Clusterra Architecture: What Runs in Your AWS Account vs Ours
When teams evaluate Clusterra, one of the first questions is understandably about boundaries: What runs in our AWS account, what runs in yours, and how do they connect?
When teams evaluate Clusterra, one of the first questions is understandably about boundaries: What runs in our AWS account, what runs in yours, and how do they connect?
Clusterra is built around a split architecture that keeps compute, scheduling, and data entirely in the customer’s AWS account, while providing a centralized control plane for identity, coordination, and visibility.
This post explains that split and how the two sides communicate.

What Runs in Your AWS Account
All infrastructure that actually runs jobs or touches data lives in the customer’s AWS account.
This includes:
- Slurm clusters provisioned using AWS ParallelCluster (head node, compute nodes, schedulers, autoscaling)
- Slurmrestd, running on the head node
- All job execution and scheduling
- All storage (FSx for Lustre, EBS, S3, etc.)
- Customer-owned IAM roles, VPCs, and networking
Clusterra is deployed into the customer account using infrastructure-as-code (OpenTofu / ParallelCluster). There is no requirement to expose head nodes publicly or allow inbound access from the internet.
Clusterra does not:
- execute jobs on your behalf
- access job payloads or file systems
- require SSH access to your cluster nodes
What Runs in Clusterra’s AWS Account
Clusterra operates a centralized control plane that provides coordination across users and clusters.
This includes:
- Web console
- Public APIs used by the console, CLI, and integrations
- User authentication and identity (OIDC with Okta / Entra ID)
- Customer configuration metadata
- Event processing and delivery
- Cost and usage aggregation
The control plane does not have direct network access to customer clusters or storage.
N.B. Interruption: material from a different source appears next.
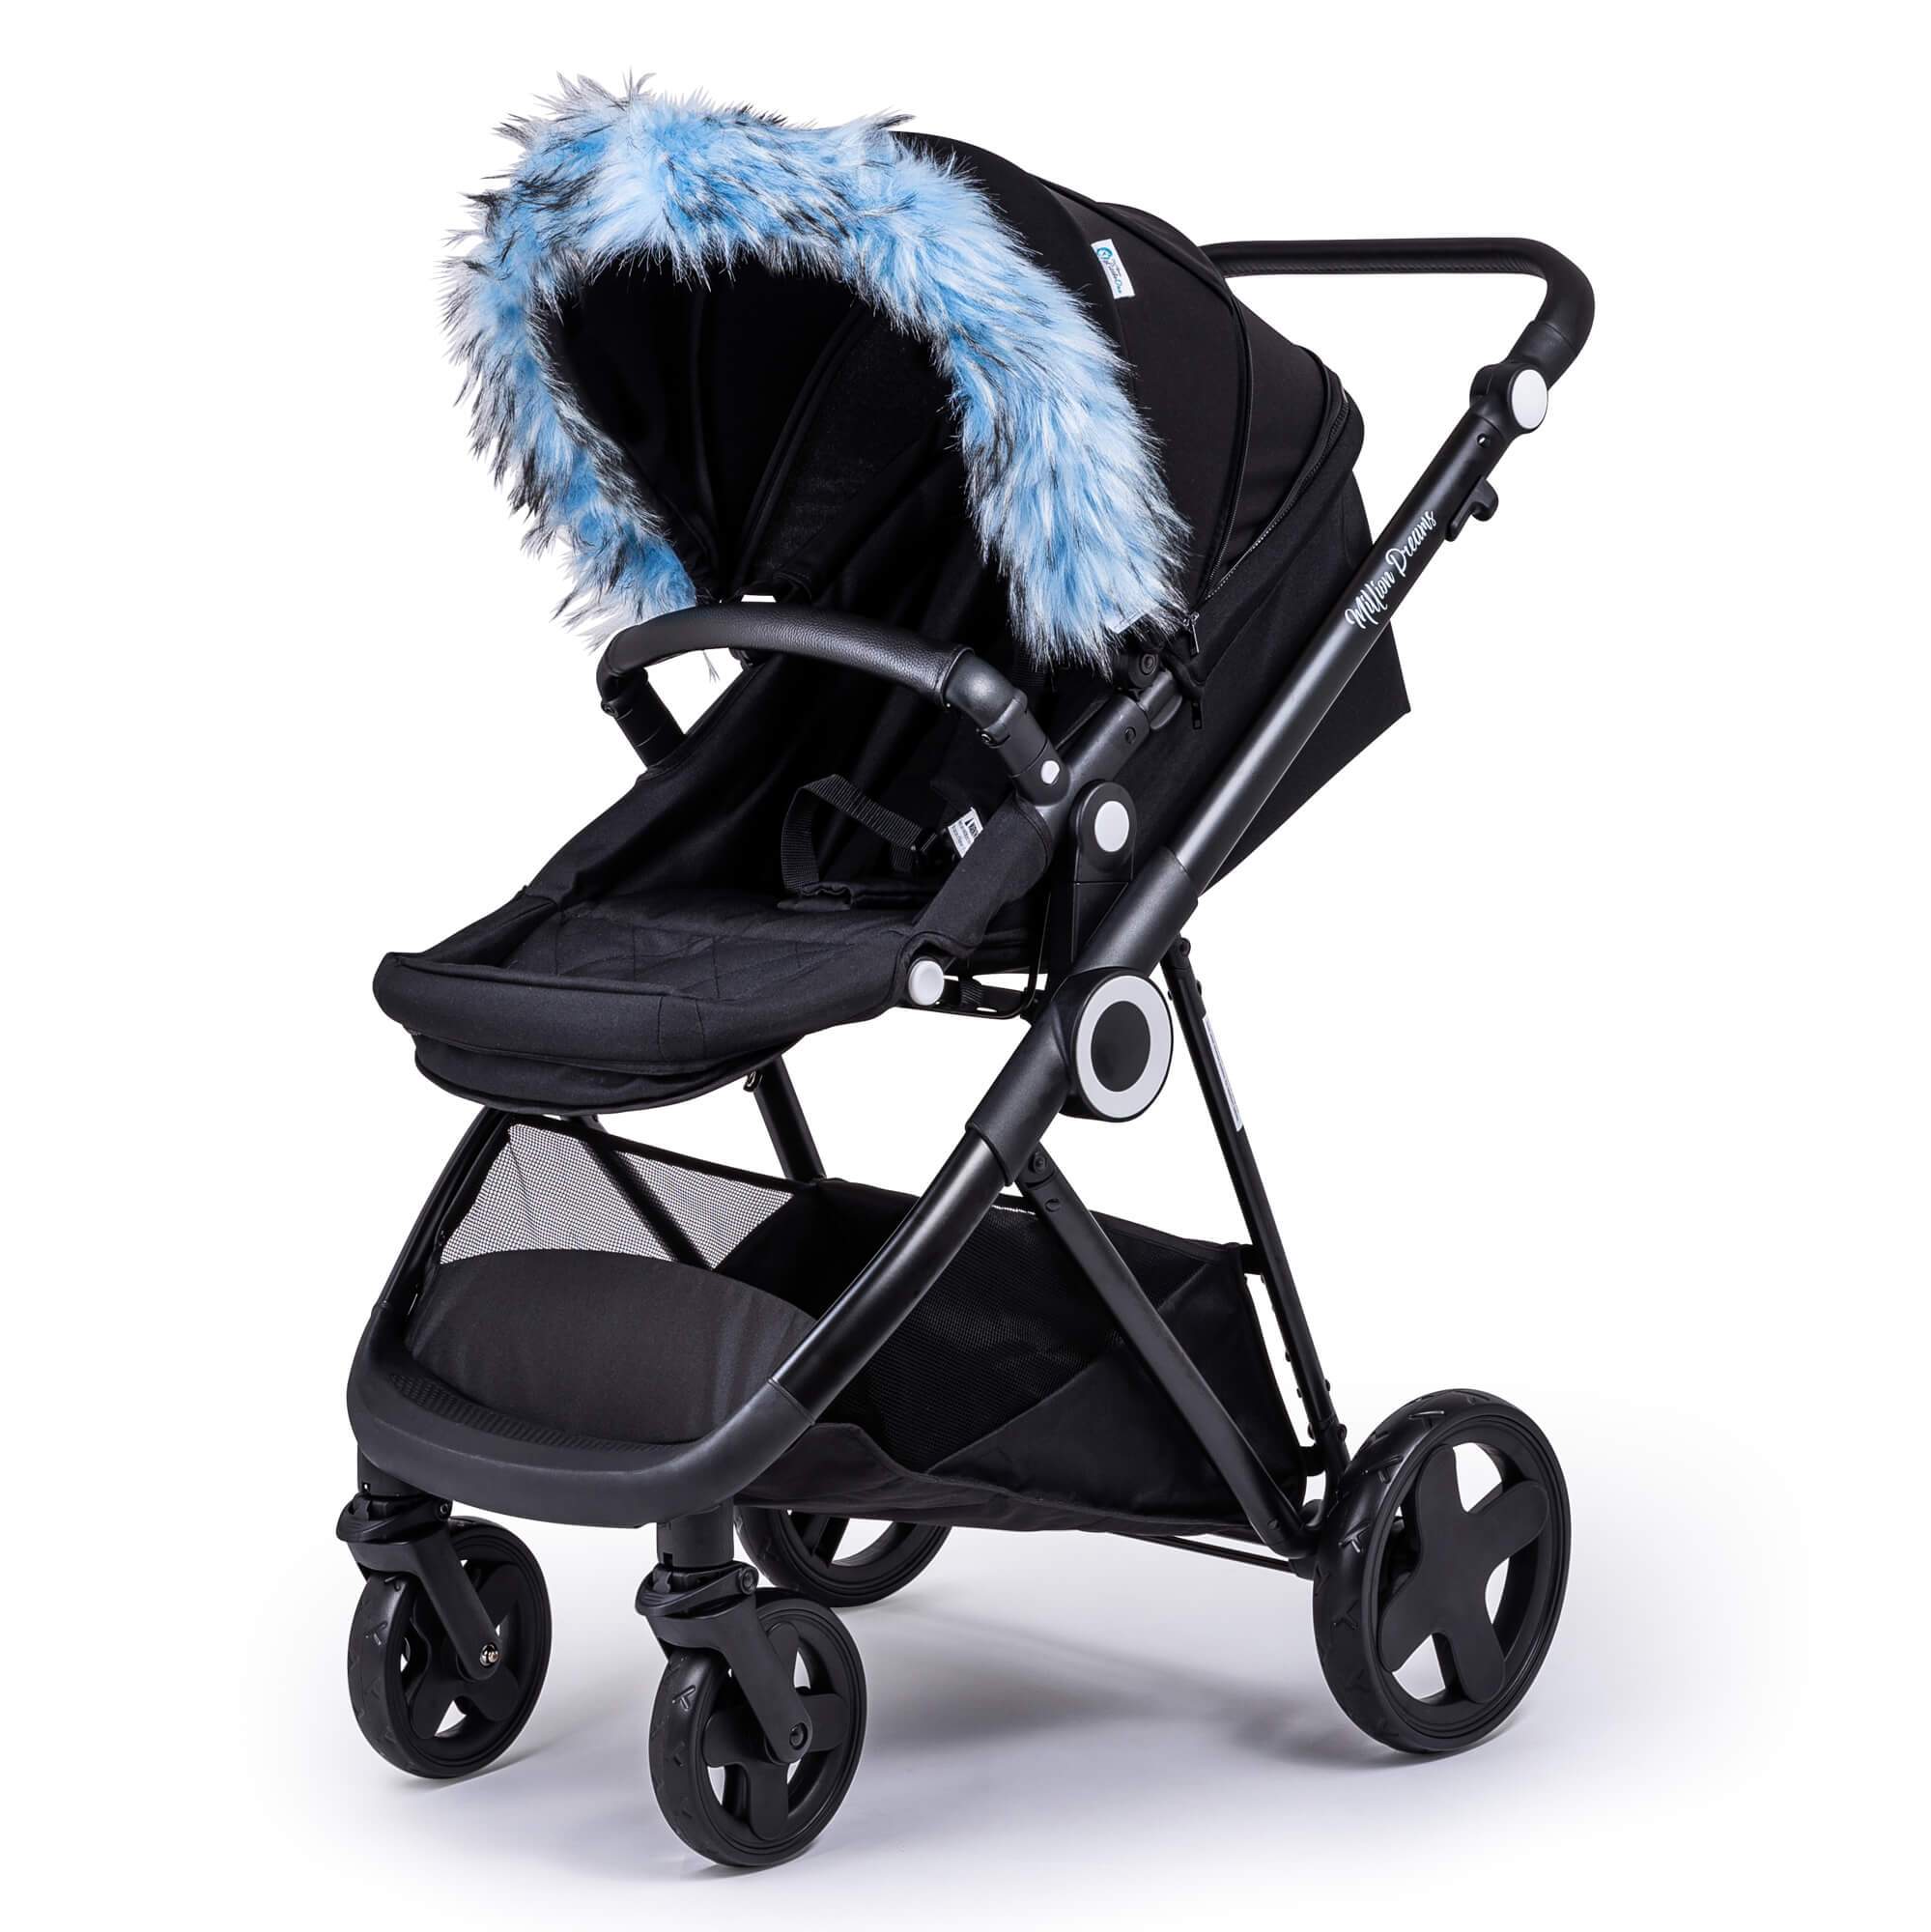 Pram Fur Hood Trim Attachment for Pushchair Compatible with Hybrid - For Your Little One

How Clusterra Connects to Your Cluster
Clusterra interacts with customer clusters through a modern, serverless networking layer built on AWS VPC Lattice.
At a high level:
- Requests from users hit the Clusterra control plane
- A Clusterra-managed Lambda (the bridge) is invoked
- The bridge connects to the customer cluster privately via AWS VPC Lattice
- All communication terminates at
slurmrestdon the head node
For reporting status back to Clusterra (Upstream):
The cluster uses a hybrid, agentless approach to push events:
1. Job state changes are sent directly to the Clusterra API via lightweight non-blocking HTTP hooks (using standard curl &).
2. Infrastructure events (like node scaling) are captured by CloudWatch and routed securely via Amazon EventBridge.
This architecture removes the need for polling agents, long-running daemons, or complex message queues in your account.
There is no public endpoint on the cluster, no VPN management, and no inbound access from the internet.
Authentication and Authorization
Clusterra does not manage SSH keys or static Linux users.
Instead:
- Users authenticate using customer-managed OIDC (Okta / Entra ID)
- Requests are translated into short-lived Slurm JWTs
slurmrestdvalidates these tokens and forwards requests toslurmctld
This model avoids:
- distributing SSH keys
- maintaining long-lived service credentials
- manual user provisioning on cluster nodes
Access is enforced at the Slurm API layer, not via shell access to the head node.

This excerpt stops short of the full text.